Symantec Access Management

Tech Tip : CA Single Sign-On : Clusters fail while nodes are still up

  • 1.  Tech Tip : CA Single Sign-On : Clusters fail while nodes are still up

    Broadcom Employee
    Posted 06-01-2018 07:00 AM

    Issue:

     

    We have identified an unexpected behavior in CA SSO 12.7 bi-cluster
    setup that leads to down time condition. We perceive it as a deviation
    from the intended functionality and would like it to be resolved by
    producing a patch for current or closest future release.

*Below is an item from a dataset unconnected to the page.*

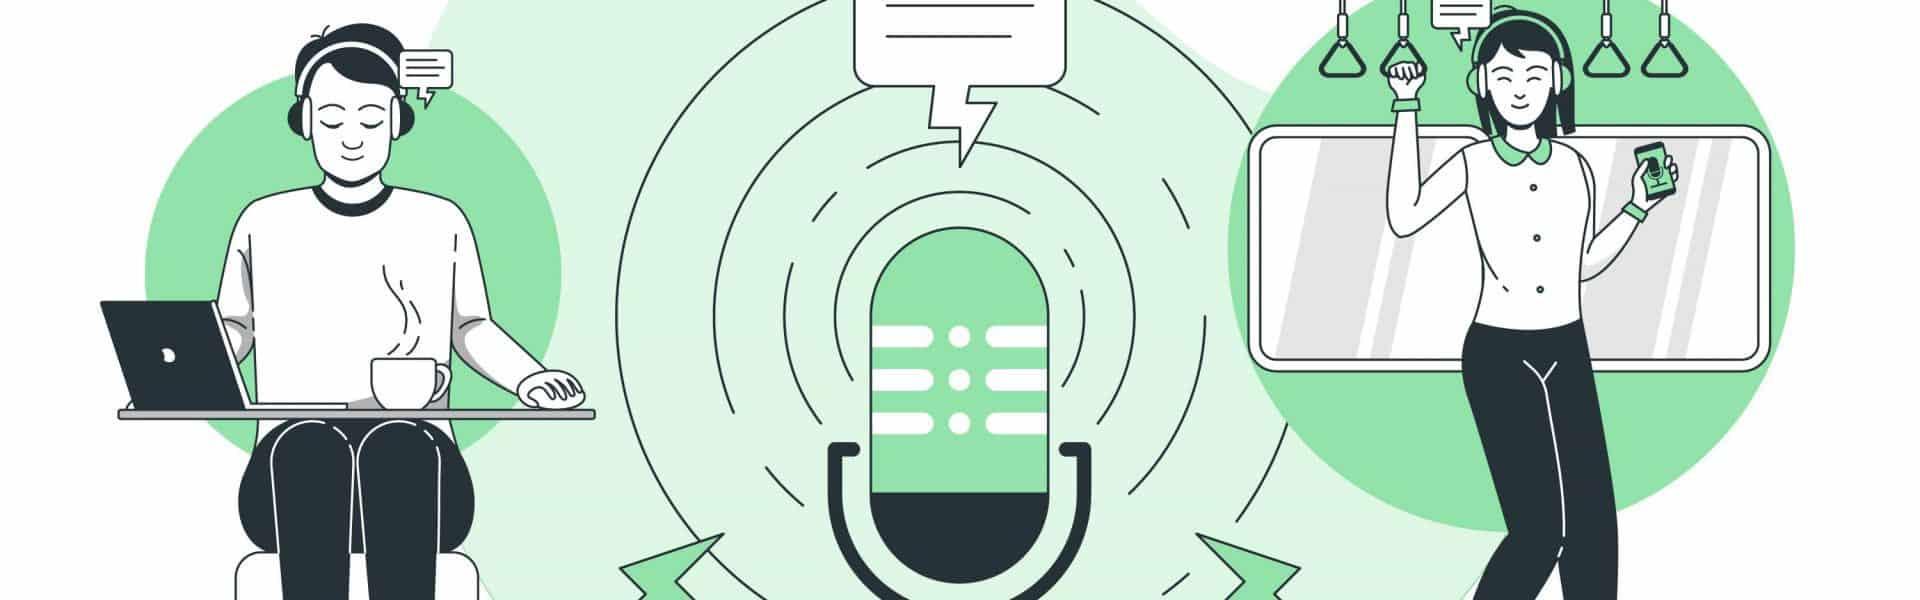 invatare activa podcasting in educatie

Here is the
    scenario.

     

    The Setup: CA SSO PS infrastructure is setup in 2 clusters with 3
    nodes in each (1.1, 1.2, 1.3 and 2.1, 2.2, 2.3 respectively) and a
    failover threshold of 50%. The "enable failover" feature between
    cluster nodes is turned off.

     

    The bug: In a failover scenario we managed to reach a reproducable
    state where the entire agent infrastructure was down while 2 out of 6
    Policy servers were still up but idling by executing the following
    failover test scenario:

     

    Steps :

     

    1. Nodes 1.1 and 1,2 are shutdown. Result: All agents gradually
    failover from Cluster 1, as expected, due to availability dropping
    to 33% and Cluster 2 becoming preferred.

     

    2. Node 2.2 is shutdown. Result: All agents are staying on Cluster 2
    because it still is on 66%.

     

    3. Node 2.3 is shutdown. Result: All agents are down and disconnected
    from Cluster 1 and Cluster 2 which still have 33% capacity each.

     

    This is obviously a problem: 2 servers are still up but do nothing,
    while the entire agents environment in both data centers is down. The
    only way to workaround the bug is to NOT use failover threshold at
    all, i.e. setting it to 33% so that agents keep hammering the poor
    cluster 1 until it faints off, all the while cluster 2 would enjoy its
    100% capacity. This has to be addressed.

     

    Here's a sample to illustrate it :

     

    We have 6 Policy Servers configured in 2 clusters as follows:

     

    Cluster A : 1.1, 1.2, 1.3
    Cluster B : 2.1, 2.2, 2.3

     

    The failover threshold is set to 50%, which means that the cluster
    will be considered down when there is a minimum of 50% of the Policy
    Servers in that cluster unavailable. They do the following:

     

    Steps :

     

    1. Nodes 1.1 and 1.2 are shutdown. Result: All agents gradually
    failover from Cluster 1, as expected, due to availability dropping
    to 33% and Cluster 2 becoming active.

     

    2. Node 2.2 is shutdown. Result: All agents are staying on Cluster 2
    because it still is on 66%.

     

    3. Node 2.3 is shutdown. Result: All agents are down and disconnected
    from Cluster 1 and Cluster 2 which still have 33% capacity each.

     

    We expect (as the doc mentioned) to have requests still going to

     

    Cluster B available nodes.

     

    Resolution:

     

    The behavior observed is expected and working as designed. To avoid
    the cluster to be considered down when there is still 1 Policy Server
    up, the Failover threshold should be set to less than 30%. Another
    option is to set a third cluster with all the Policy Servers to there
    would be the two available nodes there.

     

    KB : KB000099632